Ok, this is already very long, but I’d like to also bring up the consequences to Clojure of all this.
You know the pattern of having a single Atom with a heterogeneous Map to represent all of your application state? That’s very dynamic in type. The values this Atom is allowed to contain can change over time, the values this map can contain can change over time, it can also contain values of different types.
The entire data-orientedness seems hard to reason about from the source. There’s quite a few patterns of structuring values and code I think that wouldn’t allow for a type checker to reason about we’d need to get rid of.

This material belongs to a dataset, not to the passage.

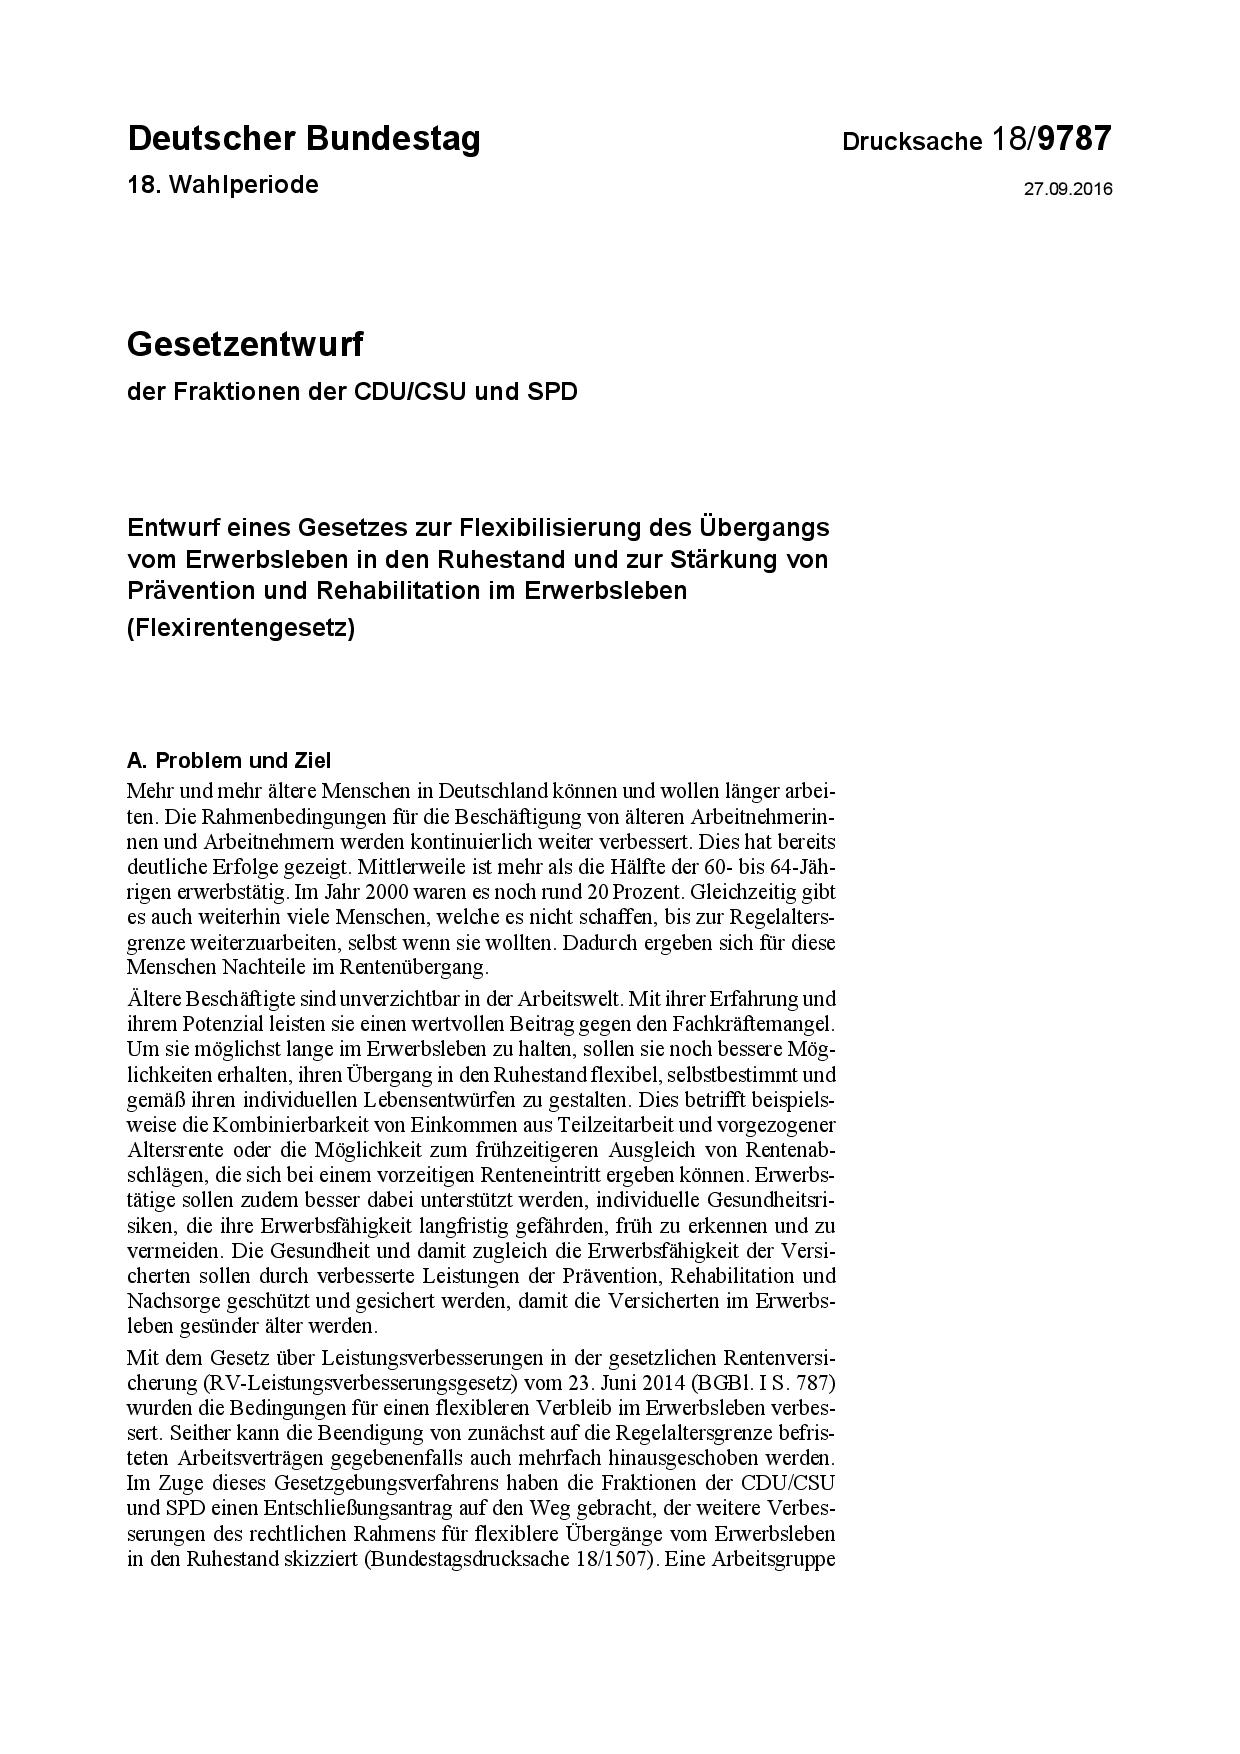 Entwurf eines Gesetzes zur Flexibilisierung des Übergangs vom Erwerbsleben in den Ruhestand und zur Stärkung von Prävention und Rehabilitation im Erwerbsleben (Flexirentengesetz)

I think that’s the struggle a type checker has if we want one for Clojure, how do you retain the current look and feel of Clojure, keeps it’s current idioms and patterns, the same.ergonomocs, but also allow a type checker to reason about the types of it at runtime, without just forcing Classes back into the language, and going back to homogenous collections?
Even Haskell feels more OO in a lot of ways, because it defines all these “types” that’s like half the ergonomics of an OO language is having to write a definition of a static structure to contain values of types that can’t change.
x : int
y : int
That’s technically not OOP, but it sure start to feel like it.
Now you want to put a long in there? Sorry, why don’t you define a PointLong type?
x : long
y : long
Well that’s annoying? Okay, why not spend an extra 12 months of man effort to add generics?
x : T
y : T
Wait, you want a Point where x is an int and y is a long? Err… damn you… Maybe add a runtime cast?
Ok fine, let’s spend another 12 month man effort to add union types:
x : int | long
y : int | long
What is that? You’re worried this allows invalid points in places it wants a Point of x and y of int, and that no where in your program are Points of x long and y int allowed? I’m sorry, I’m out if ideas.
Is this really the feel you want for Clojure? I’m personally not sure if it would bring me the same joy if it was the case.